Parzellen von der "Erbengemeinschaft A/B/C/D" an den jeweiligen
Erwerber der Parzelle. Sie deklarierten die folgenden Grundstückgewinne und
Grundstückgewinnsteuern: A: Grundstückgewinn Fr. …, Grundstückgewinnsteuer Fr.
…; B: Grundstückgewinn Fr. …, Grundstückgewinnsteuer Fr. …; D: Grundstückgewinn
Fr. …, Grundstückgewinnsteuer Fr. …; C: Grundstückgewinn Fr. …, Grundstückgewinnsteuer
Fr. …
Am 9. Februar 2021 erliess der Gemeinderat G die
Grundstückgewinnsteuerveranlagungen und setzte die Grundstückgewinne und Grundstückgewinnsteuern
infolge Realteilung wie folgt fest: A: Grundstückgewinn Fr. …,
Grundstückgewinnsteuer Fr. …; B: Grundstückgewinn Fr. …, Grundstückgewinnsteuer
Fr. …; D: Grundstückgewinn Fr. …, Grundstückgewinnsteuer Fr. …; C:
Grundstückgewinn Fr. …, Grundstückgewinnsteuer Fr. ...
B. Gegen
den Entscheid reichten die Pflichtigen am 22. März 2021 Einsprachen ein.
Sie beantragten, die Veranlagungen aufzuheben und die Grundstückgewinnsteuern
aufzuschieben. Sie begründeten diesen Antrag damit, dass die Handänderungen im
Rahmen der Erbteilung erfolgt seien.
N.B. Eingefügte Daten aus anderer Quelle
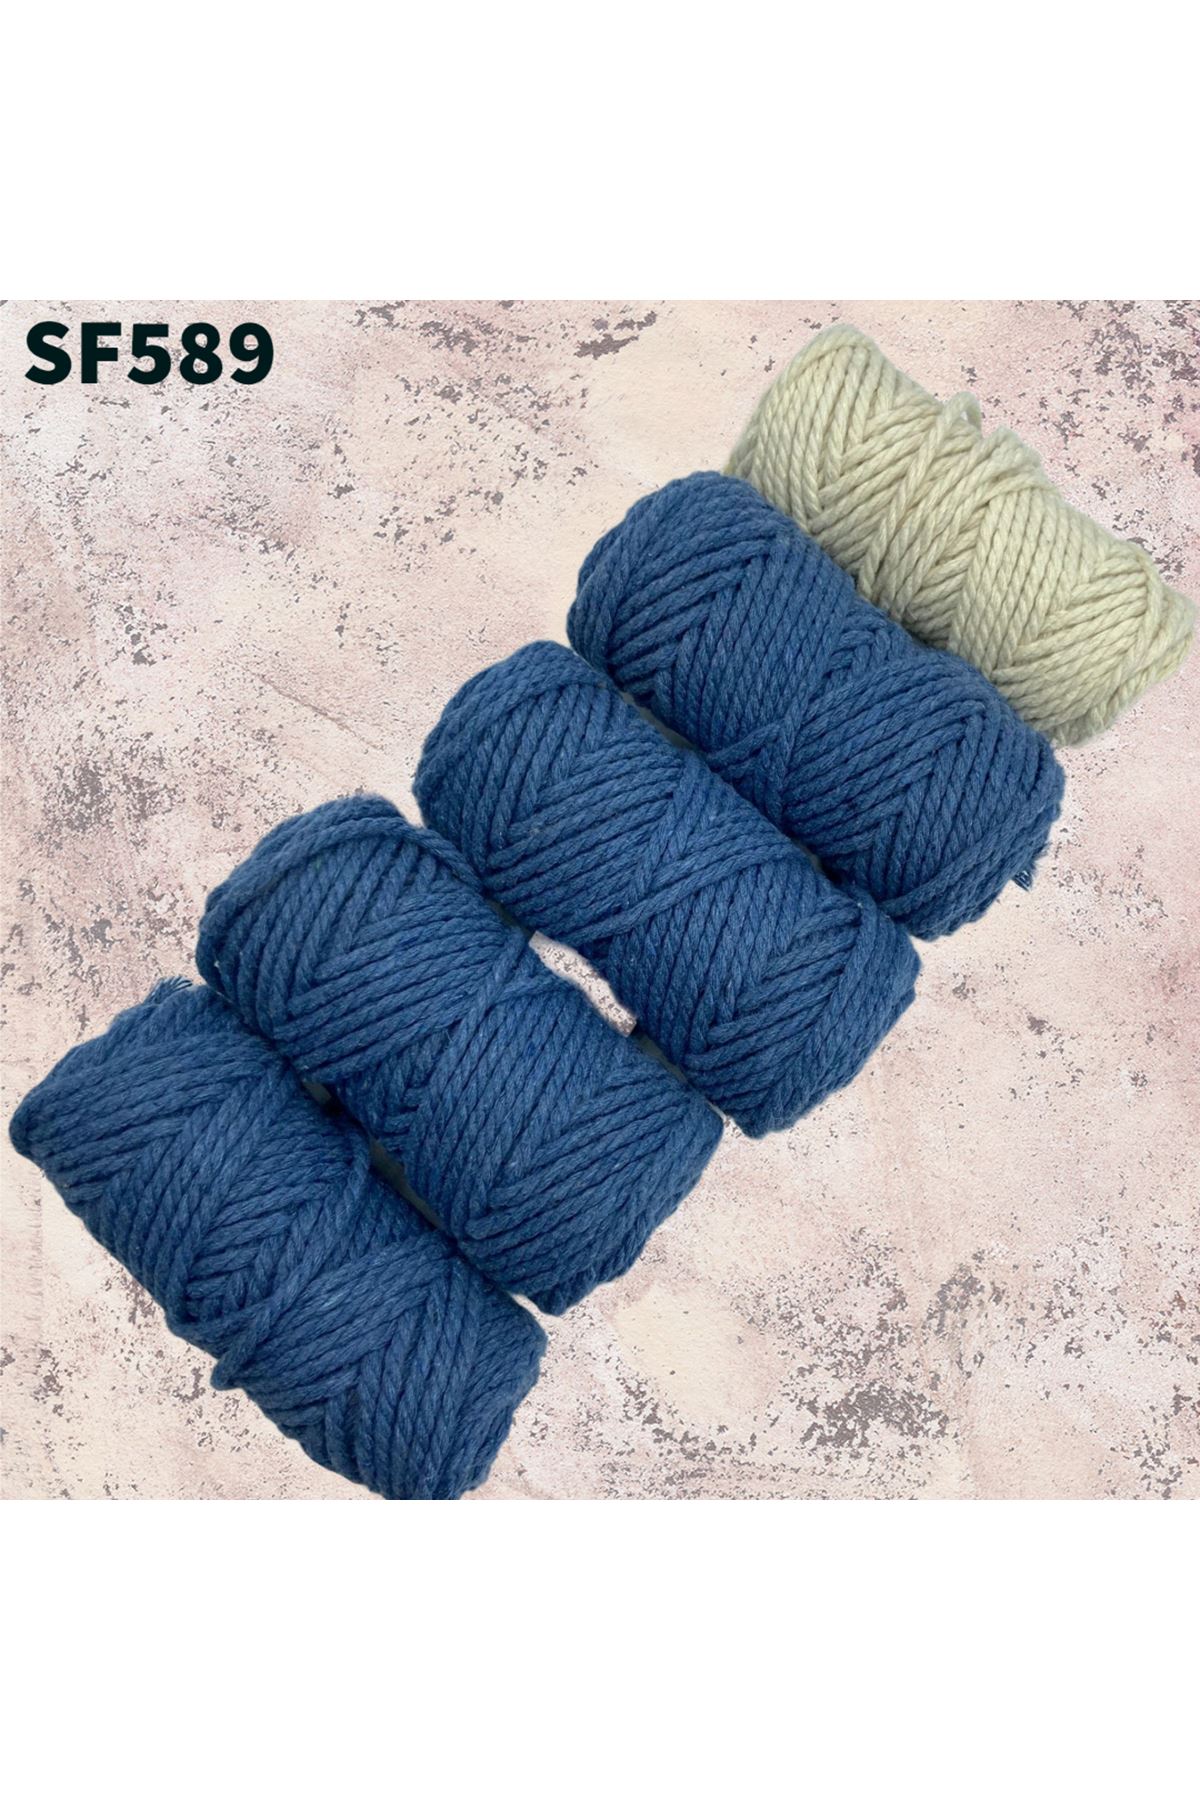 Stok Fazlası Bükümlü Cotton Makrome Mix 450 Gram SF589

Des Weiteren rügten sie, die Berechnungen
der Grundstückgewinne seien fehlerhaft; so sei die Zuteilung an A kein Akt der
Erbteilung, sondern beruhe auf einem Vermächtnis, und die Erlöse seien
ebenfalls unrichtig errechnet.
Die Einsprachen wies der Gemeinderat G am 13. April
2021 ab.
Erwägungen
II.
Dagegen erhoben die
Pflichtigen am 25. Mai 2021 Rekurs beim Steuerrekursgericht des Kantons
Zürich, bei welchem sie eine Aufhebung des Einspracheentscheids und die
Gewährung des Steueraufschubs sowie die Ausrichtung einer Parteientschädigung
beantragten. Mit Entscheid vom 18. Januar 2022 wies das
Steuerrekursgericht den Rekurs nach Vornahme weiterer Abklärungen ab.
III.
Am 28. Februar 2022 erhoben die Pflichtigen beim
Verwaltungsgericht Beschwerde gegen das Urteil des Steuerrekursgerichts mit dem
Begehren um Aufhebung des Entscheids und Gewährung des Steueraufschubs der
Grundstückgewinnsteuer. Eventualiter beantragten sie, die Grundstückgewinne
gemäss eingereichten Steuererklärungen festzusetzen. Weiter ersuchten sie um
die Zusprechung einer Parteientschädigung.
Die Vorinstanz verzichtete auf Vernehmlassung, während die
Beschwerdegegnerin in ihrer Beschwerdeantwort die Abweisung der Beschwerde
unter Zusprechung einer Parteientschädigung beantragte.
Die Kammer erwägt:
1.
Mit der Steuerbeschwerde an das Verwaltungsgericht in
Grundsteuersachen können laut § 153 Abs. 3 in Verbindung mit § 213
des Steuergesetzes vom 8. Juni 1997 (StG) alle Rechtsverletzungen,
einschliesslich Überschreitung oder Missbrauch des Ermessens, und die
unrichtige oder unvollständige Feststellung des rechtserheblichen Sachverhalts
geltend gemacht werden. Das Verwaltungsgericht hat sich infolgedessen auf die
reine Rechtskontrolle zu beschränken; dazu gehört auch die Prüfung, ob die
Vorinstanzen den rechtserheblichen Sachverhalt gesetzmässig festgestellt haben.
Dem Gericht ist es daher verwehrt, das vom Steuerrekursgericht in Übereinstimmung
mit dem Gesetz ausgeübte Ermessen auf Angemessenheit hin zu überprüfen und so
sein Ermessen anstelle desjenigen der Rekursinstanz zu setzen. Die
Prüfungsbefugnis des Verwaltungsgerichts erstreckt sich lediglich auf
rechtsverletzende Ermessensfehler, d. h. auf Ermessenüberschreitung und auf Ermessensmissbrauch
(RB 1999 Nr. 147).
2.
2.1
Die
Grundstückgewinnsteuer wird laut § 216 Abs. 1 StG von den Gewinnen
erhoben, die sich bei Handänderungen an Grundstücken oder Anteilen von solchen
ergeben.
Wird ein Gesamt- oder Miteigentumsverhältnis an einem
Grundstück aufgelöst, indem dieses bzw. ein Teil davon in das Alleineigentum
eines oder mehrerer Gesamt- oder Miteigentümer übertragen wird, so spricht man
von Realteilung. Solche Realteilungen werden für die Zwecke der
Grundstückgewinnsteuer als zivilrechtliche Handänderungen betrachtet (Felix Richner et al., Kommentar zum
Zürcher Steuergesetz, 4. A., Zürich 2021, § 216 N. 51 f.).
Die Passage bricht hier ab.